Eight possible obstacles to buying a property if you’ve ever had a criminal conviction

Posted on Monday, November 6, 2017

Regrettable choices and mistakes are a part of growing up that almost everyone experiences at numerous points throughout their lives. Unfortunately, for the unlucky few, some mistakes are easier to forget and move on from than others when it comes to the decision to purchase a home and step onto the property ladder.

If you’ve ever been in trouble with the law, there are different obstacles you might face depending on the nature of crime committed, but here are some of the ways to prepare for attempting to own your own property following a criminal conviction.

1. You will generally see an increase in the cost of insurance premiums across the board if you’ve previously been convicted of a crime. This will not just include your home insurance, but it can also impact your car and travel insurance policies as well.

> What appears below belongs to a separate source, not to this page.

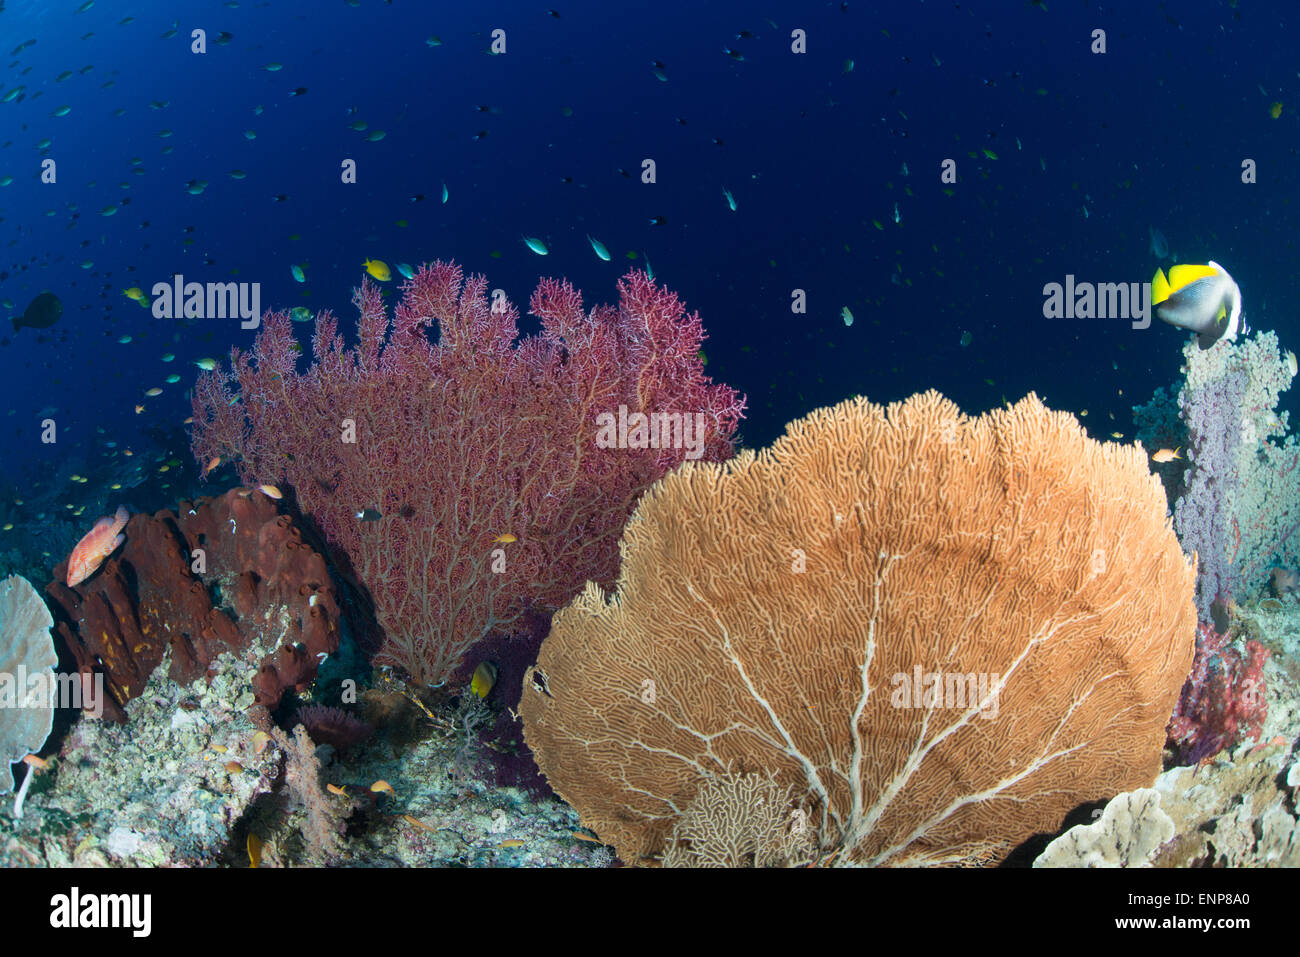 Underwater Coral scene with colorful corals  and small fish of many kinds taken in Raja Ampat, Indonesia Stock Photo

One way to try and lessen the cost of the amount you’re paying on insurance is to seek out the advice of a specialist insurance company who’s worked with individuals in similar predicaments in the past, rather than a mainstream provider.

2. It is worth being aware of the fact that some financial service providers may also have a problem with insuring you and your new home if they consider the policy a ‘moral risk’ to have on their books.

3. With a previous conviction, financial service providers are going to be much more likely to require more private and personal information from you than a standard applicant.

Being as prepared as possible about financial, lifestyle and job questions that could arise will give you the best chance of impressing decision makers.

4. It’s important to give yourself plenty of time when looking for a mortgage or home insurance policy, as the process of purchasing any financial service is likely to take longer as a result of your conviction. This is because the case will often need to be referred to a more senior level or teams trained specifically in this area. 

5. Total honesty when corresponding with financial service providers, by ways of disclosing accurate details of your previous conviction, is of paramount importance to ensure you don’t run the risk of voiding your cover or agreement in the future.

6. If you’re purchasing a home with a partner, then it’s also extremely important that they are made aware of any valid convictions, as it will undoubtedly impact their experience of owning a property too. Most financial product providers will ask questions about a household as a whole, and not just individual experiences, so this will help to avoid any embarrassing situations.

7. It might seem like an obvious warning, but many industry insiders are aware that property and belongings owned by the individual with a conviction are at a greater risk of expensive damage due to the prospect of revenge attacks from the person or people you may have committed a crime against, or someone who holds a grudge from a criminal trial.

8. On a final note, it’s important to remember that only unspent convictions needs to be declared in line with the Rehabilitation of Offenders Act 1974. This could mean that a conviction has no financial implication to you whatsoever, so try not to panic until you know all the facts.